My mother did not believe this part. Her children needed neither punishment or purification beyond that which she supplied. We were the children
of God and her own best efforts. Salvation was a gift of God. Her gift to us was how to claim it. And when, after the Second Vatican Council, they got rid of Limbo and Purgatory, she fashioned it a kind of enlightenment. Still, life had sufferings enough to go around and she wanted us to use them well. It was part of Nature.
“All grievous things are to be endured for eternal life,” is how my mother
was instructed by Thomas à Kempis. Suffering was thereby imbued with meaning, purpose, value, and reason. Nature passed suffering out in big doses, random and irreverent, but faith and grace made suffering a part of the way by which we make our journey back to God. Atonement meant to be “at one.” And this return, this reunion in heaven, this salvation, was the one true reason for our being,
according to my mother. This opinion put her, of course, at odds with everything the culture told us about “feeling good about ourselves” or “taking care of numero uno” or the secular trophies of “happiness” and “validation” and “self-esteem.” Hers was a voice crying in the suburban wilderness that we were all given crosses to bear—it was our imitation of Christ—and we should offer it up for the suffering
souls.
T
hat is how she turned it into prayer—the “irregularity,” the cancer, the tumor that moved from her remaining lung up her esophagus, leapt to her spinal cord, and then made for her brain. This was what the doctors said was happening, preferring a discussion of parts failing to persons dying. But for her husband and children what was happening was that her voice was growing more and more
quiet, her breath was getting shorter and shorter, her balance was lost to the advance of cancer. My mother was making it work for her, placing the pain and the fear and the grief of it into that account with God she’d kept, by which what was happening to her body became only one of several things that were happening to her. Her body, painful and tumorous, was turning on her and she was dying.
I’m sure she was ready to be rid of it. She said her heart. was overwhelmed with grief and excitement. Grief at the going from us—her husband of forty-three years, her sons and daughters, grandchildren born and unborn, her sister and brother, her friends. Excitement at the going “home.” But as
the voice inside her body hushed, her soul’s voice seemed to shout out loud, almost to sing. She could
see things none of us could see. She refused the morphine and remained lucid and visionary. She spoke words of comfort to each of us—at one point saying we must learn to let go, not only grudgingly, but as an act of praise. I say this not because I understand it but because I witnessed it. I’m not certain that it works—only certain that it worked for her.
Once you’ve made the leap it’s easy.
Once you’ve seen huge tracts of greensward put to seemingly conflicting uses, the world becomes a different place. If golf courses can be graveyards, surely football fields, and soccer pitches, ball diamonds and tennis courts. And what about ski slopes? What folks don’t want to be buried on a mountain? Boot Hill we could call it.
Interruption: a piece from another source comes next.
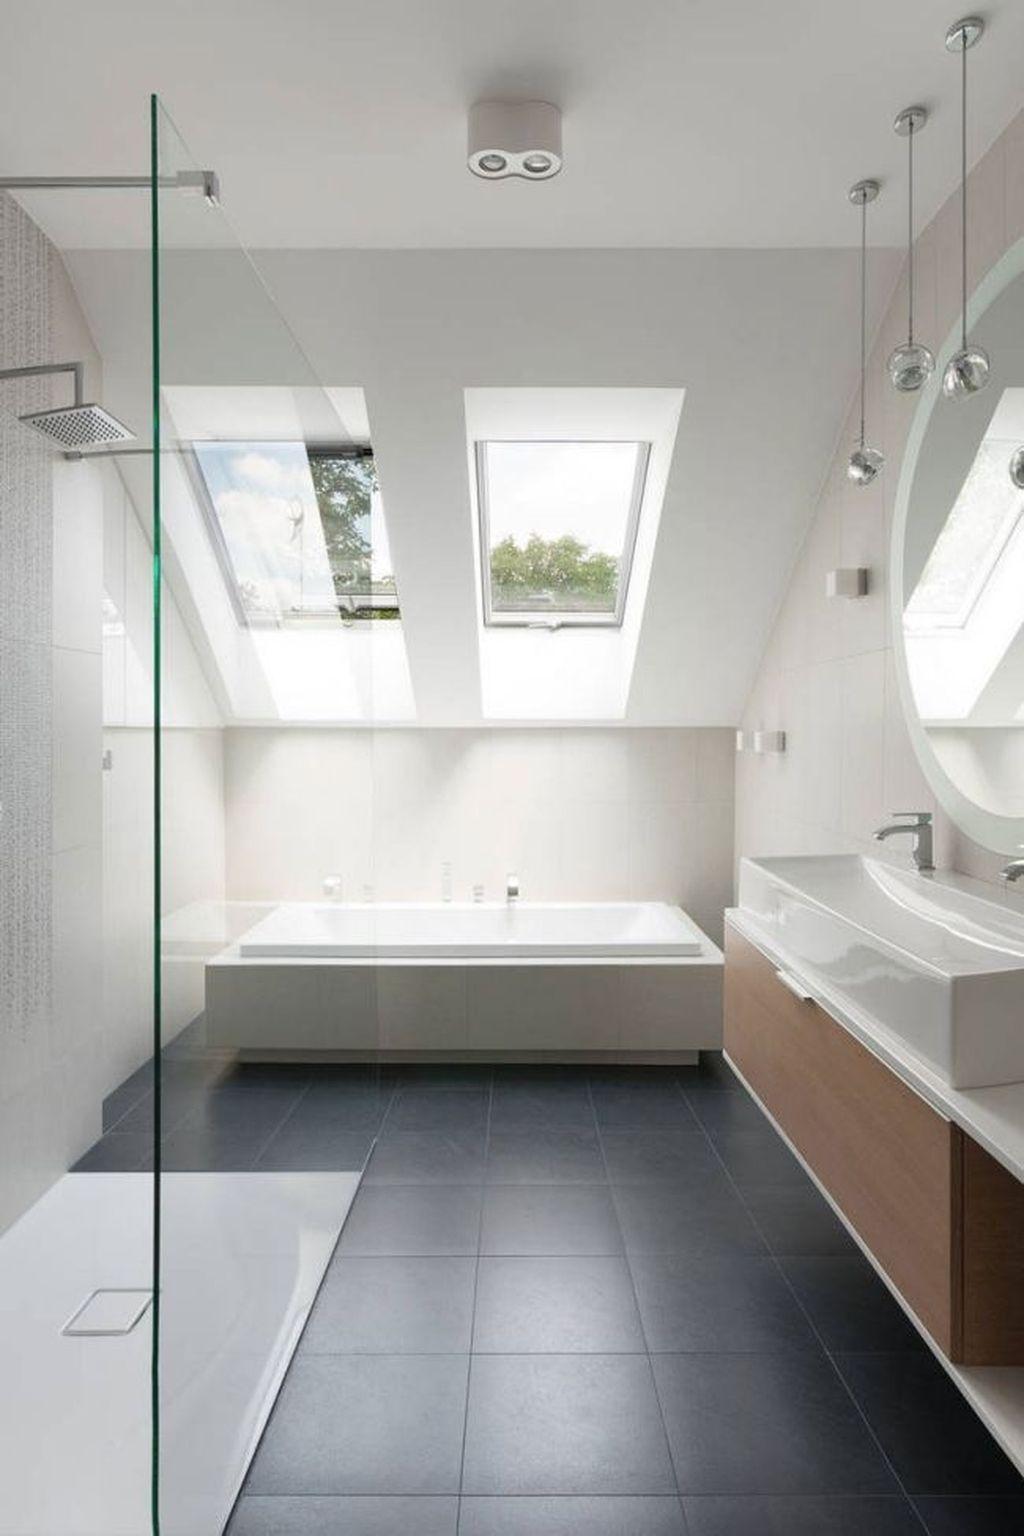 Fabulous Minimalist Bathroom Decor Ideas That Become Everyones Dream 11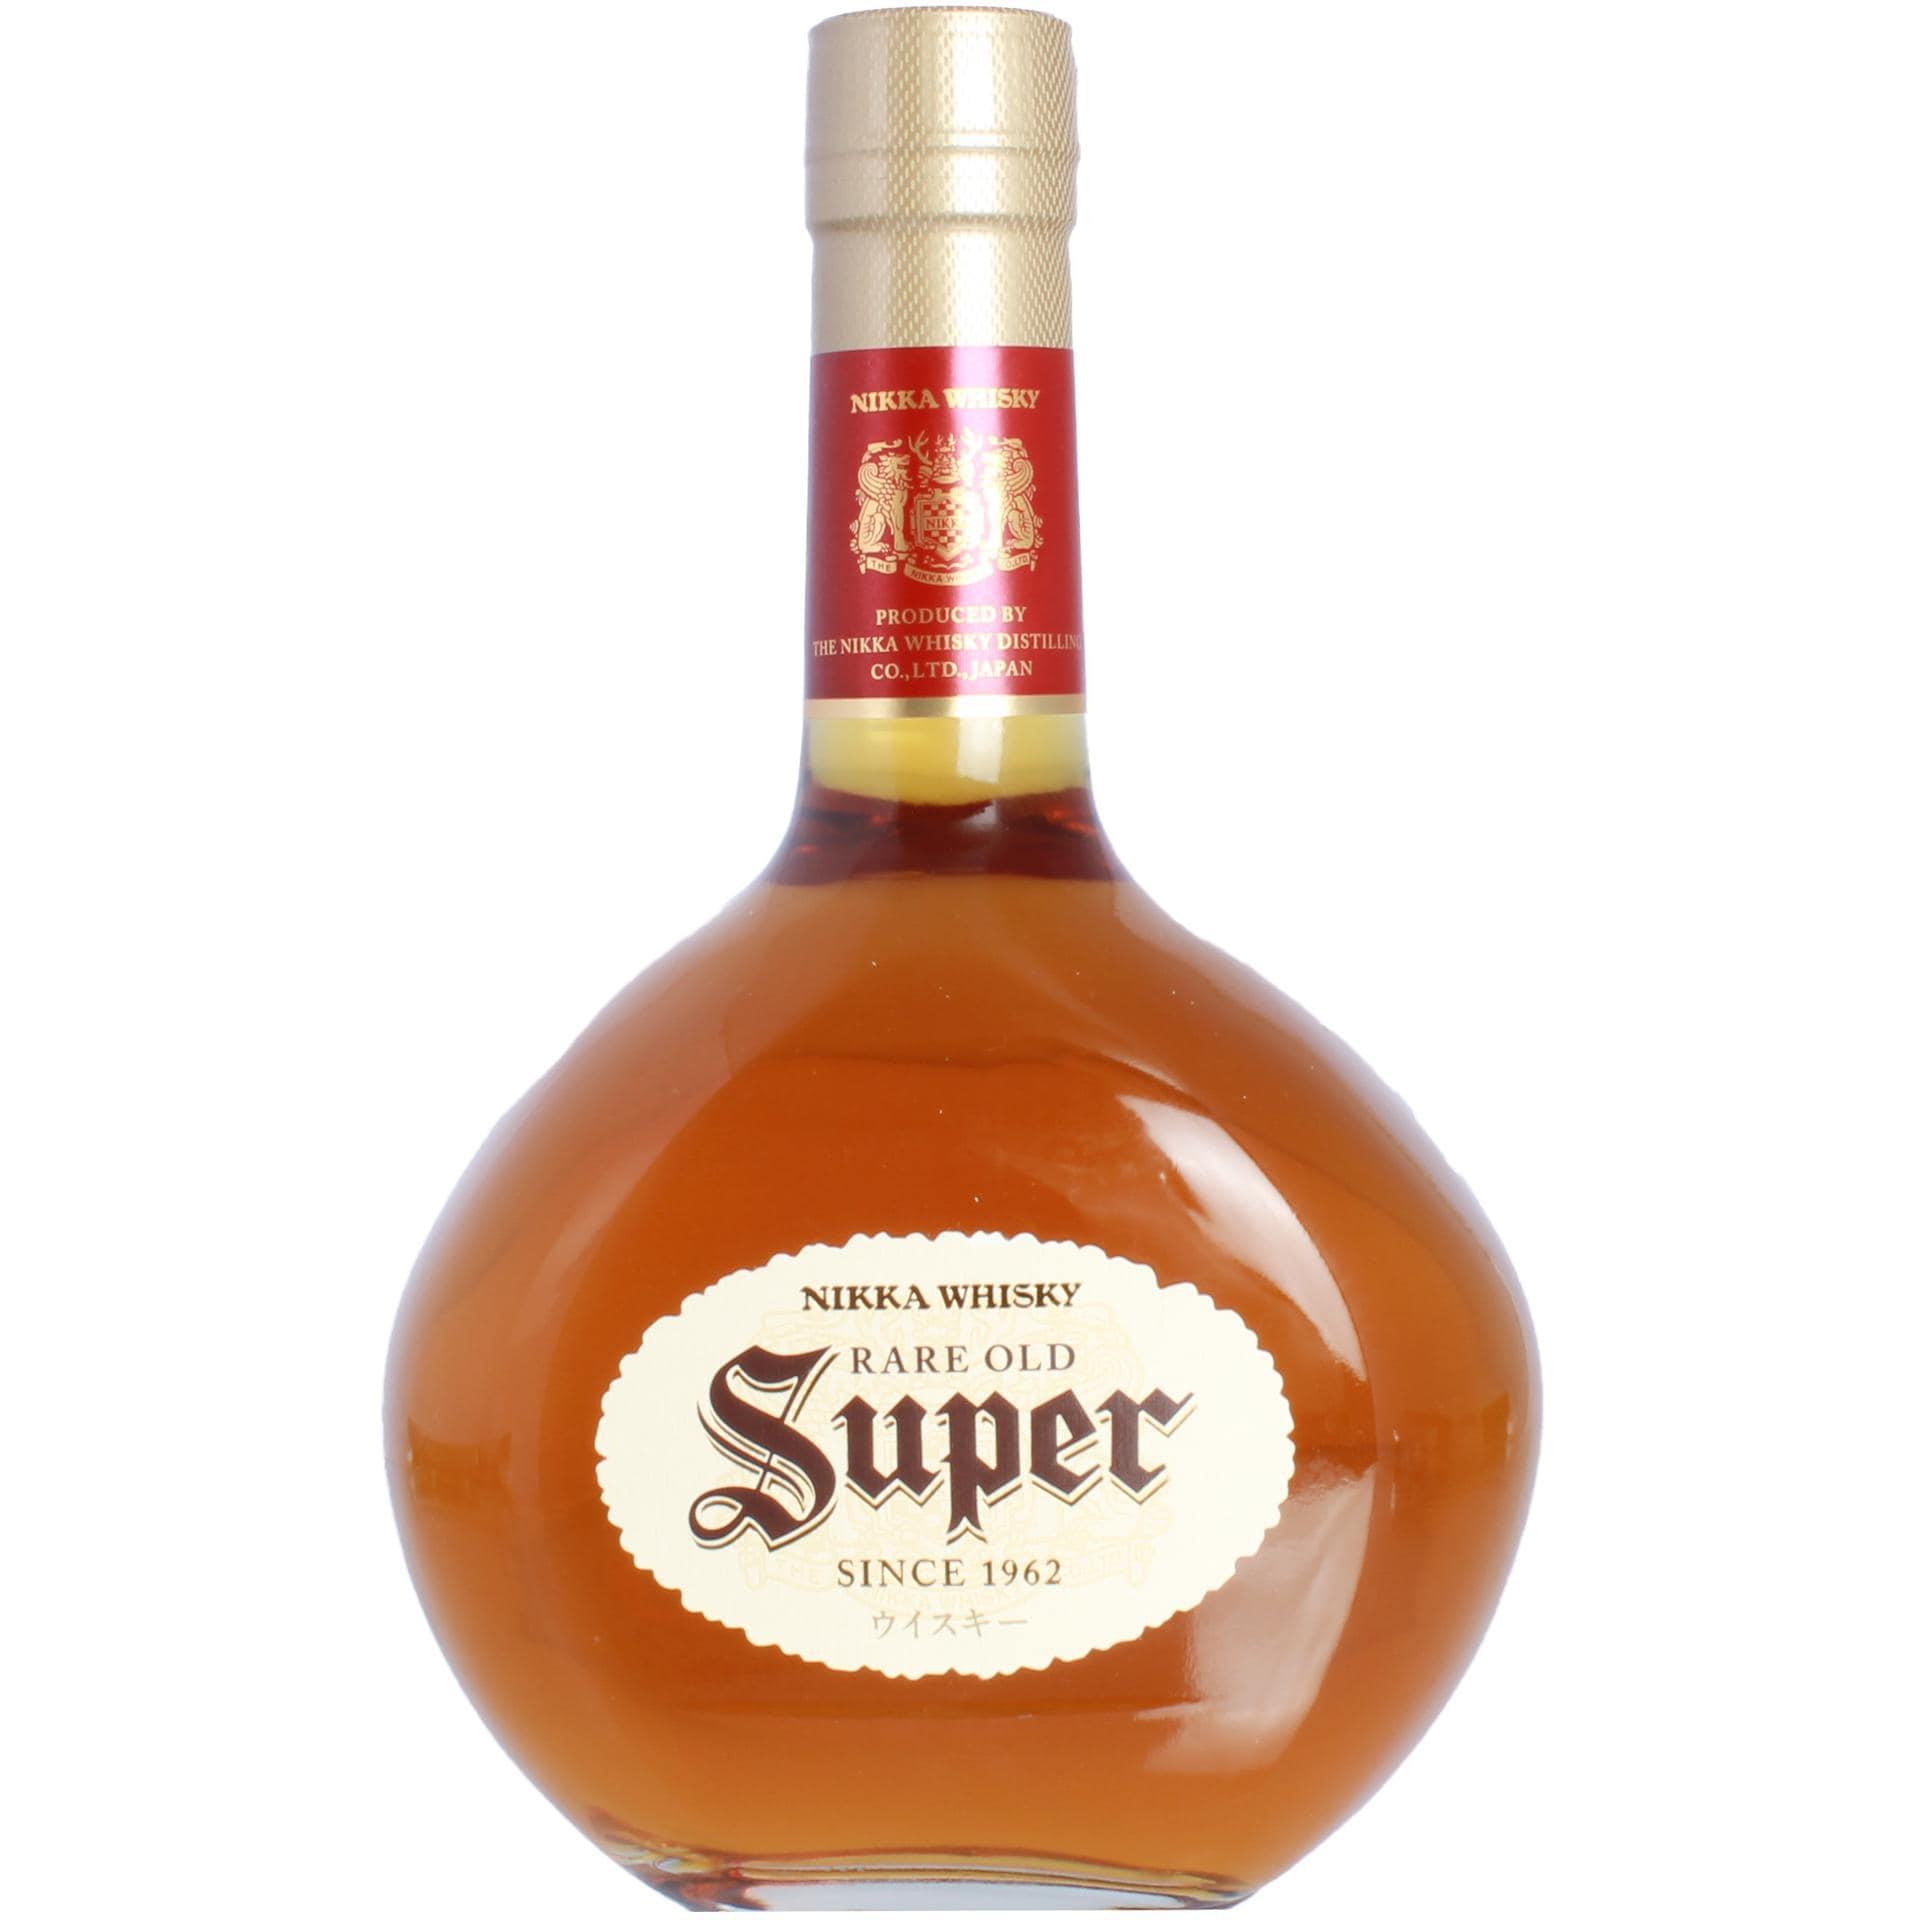 Nikka Whisky Rare Old Super Pure Malt 0,7l

Listen up, the possible applications are endless. The thrill of victory,
the agony of defeat. Life is like that—death is, too.
My mother’s funeral was a sadness and a celebration. We wept and laughed, thanked God and cursed God, and asked God to make good on the promises our mother’s faith laid claim to in her death. It was Halloween the day we buried her—the eve of All Saints, then All Souls, all suffering souls.
Eddie and I have been looking for acreage. He’s a
golfer. I’d rather read and write. He says he’ll be the Club Pro and I can be the Brains Behind the Operation. We’ve worked together for years and years. Our sister Brigid does pre-need and our sister Mary has always done the books—payroll and collections and payables. The women seem to control the money. Revenge they call it for our calling it Lynch & Sons.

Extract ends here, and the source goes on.